After looking at Google, Amazon and Microsoft offerings, the AWS g4dn.xlarge instance looks like it might be the best option, at $0.526/hr, or Google’s got a T4 based compute engine for only $0.35/hr. These are good options, if 16GB of video ram will be enough. It should be, because we’re working with like 5GB on the Jetson.

Microsoft has the NC6 option, which looks good for a much more beefy GPU and memory, at $0.90/hr.

We’re just looking at Pay-as-you-go prices, as the 1-year and 3-year commitments will end up being expensive.

I’m still keen to try train on the Jetson, but the cloud is becoming more and more probable. In Sweden, visiting Miranda, we’re unable to order a Jetson AGX Xavier, the 32GB version. Arrow won’t ship here without a VAT number, and SiliconHighway is out of stock.

So, attempting Cloud GPUs. If you want to cut to the chase, read this one backwards. So many problems. In the end, it turned out setting it up yourself is practically impossible, but there is an ‘AI Platform’ section that works.

Amazon AWS. Tried to log in to AWS. “Authentication failed because your account has been suspended.” Tells me to create a new account. But then brings me back to the same failure screen. Ok, sending email to their accounts department. Next.

Google Cloud. I tried to create a VM and add a T4 GPU, but none of the regions have them. So I need to download the Gcloud SDK and CLI tool first, to run a command to describe the regions, according to the ‘Before you begin‘ instructions..

Ok, GPUs will only run on N1 and A2 VMs. The A2 VMs are only for A100s, so I need an N1 VM in one of these regions, and we add a T4 GPU.
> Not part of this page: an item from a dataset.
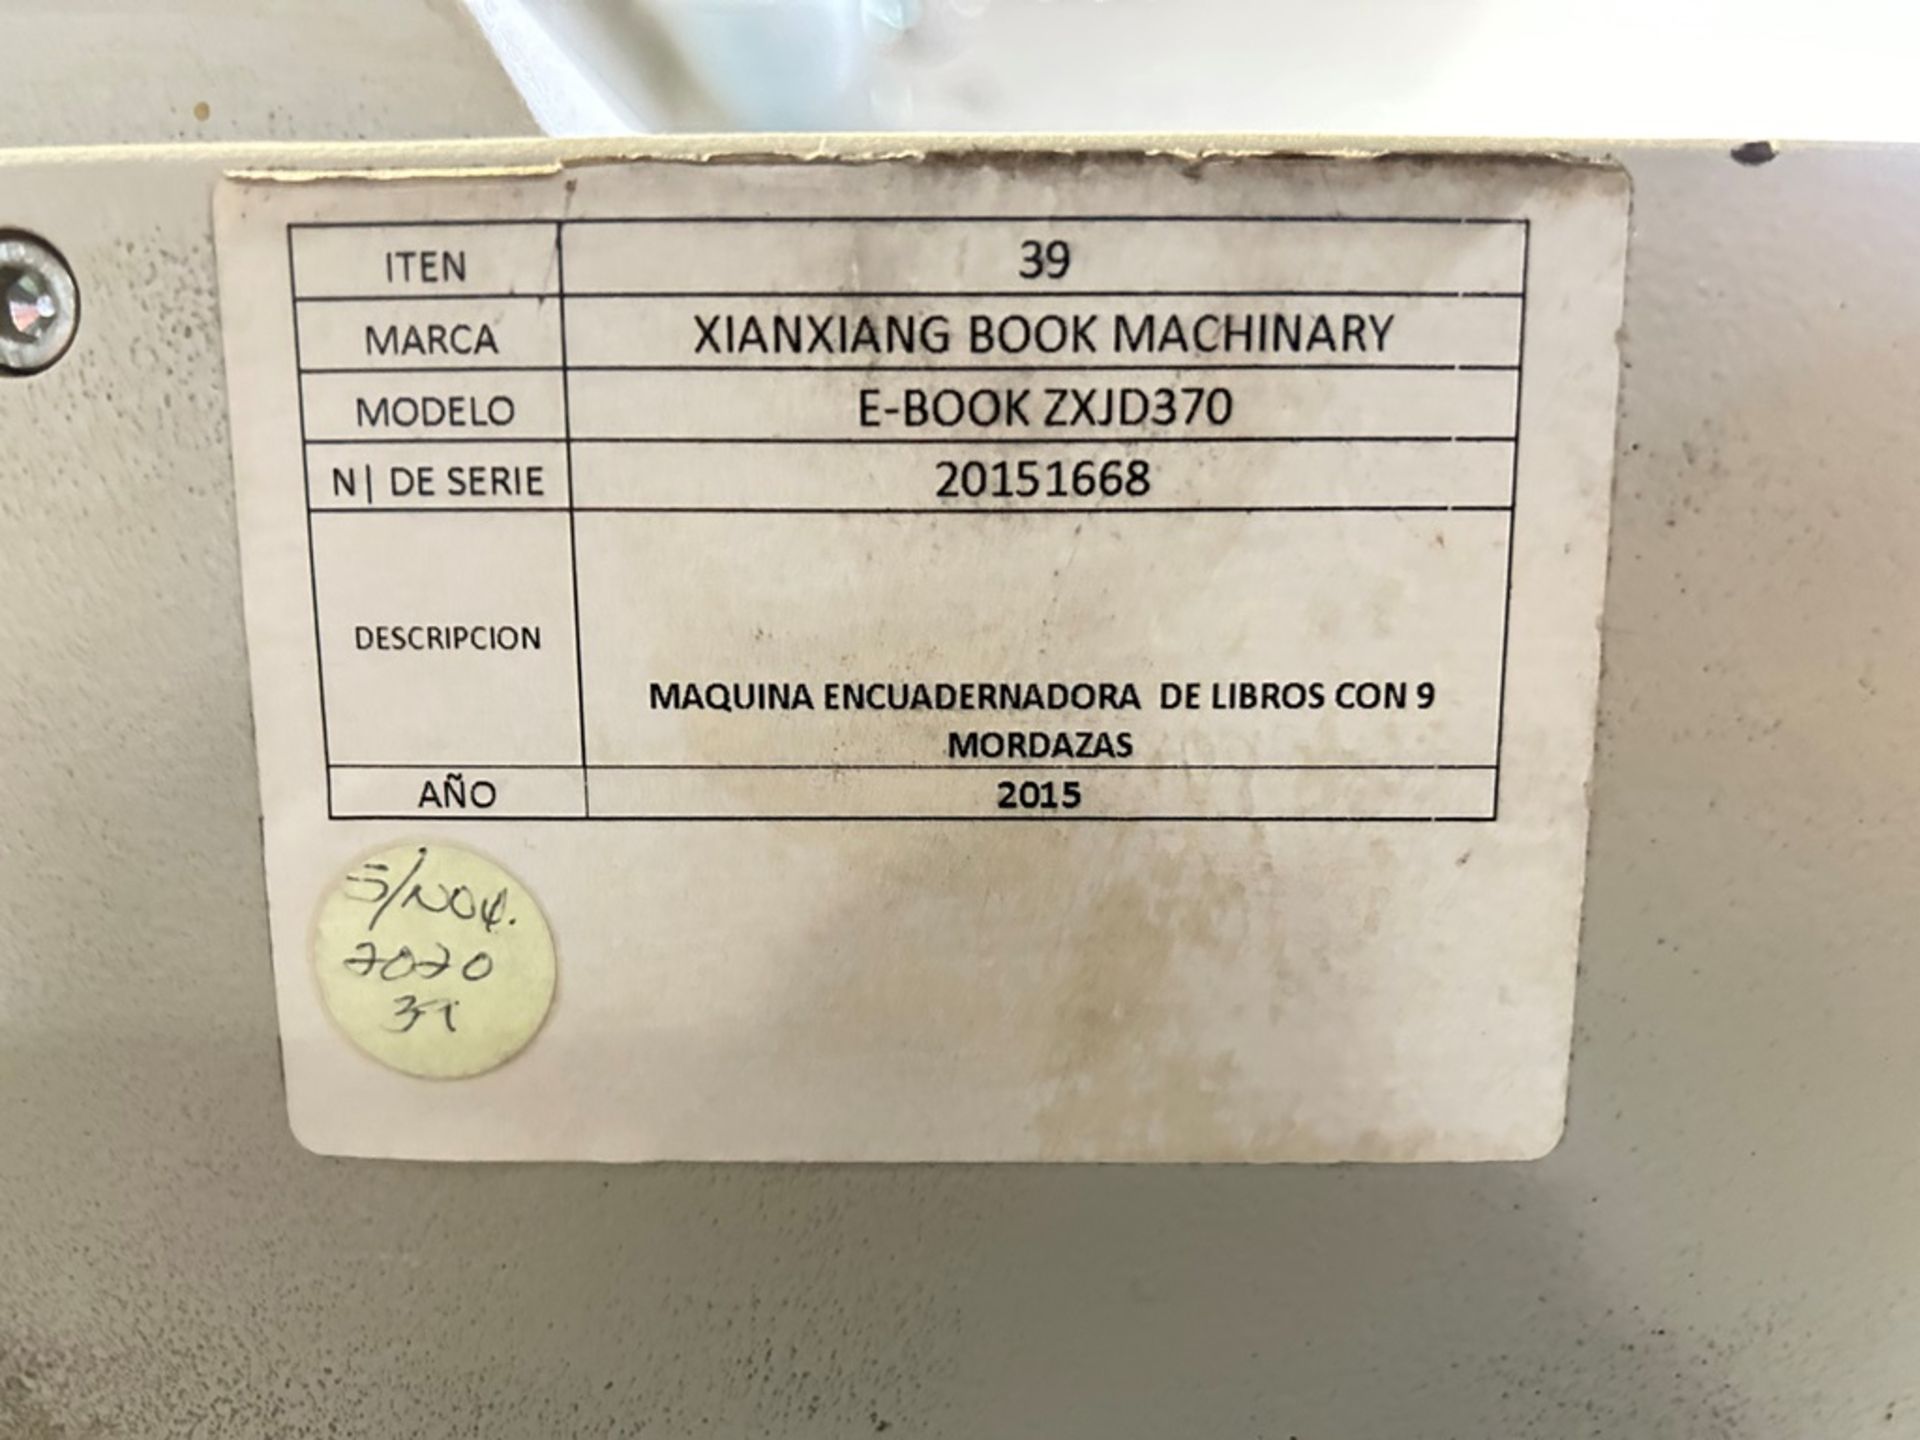 Maquina encuadernadora de libros con 9 mordazas Marca XINXIANG BOX MACHINARY, Modelo E-BOOK ZXJD370 - Image 12 of 13

There’s an option to load a specific docker, and unfortunately they don’t seem to have one with both Pytorch and TF2. Let’s start with TF2 gcr.io/deeplearning-platform-release/tf2-gpu.2-4

So this looks like a good enough VM. 30GB RAM, 8 cpus. For europe-west3, the cost is about 50 cents / hr for the VM and 41 cents / hr for the GPU.

n1-standard-8

30GB

$0.4896

$0.09840

1 GPU

16 GB GDDR6

$0.41 per GPU

So let’s round up to about $1/hour. I ended up picking the n1-standard-4 (4 cpus, 15 gb ram).

At these prices I’ll want to get things up and running asap. So I am going to prep a bit, before I click the Create VM button.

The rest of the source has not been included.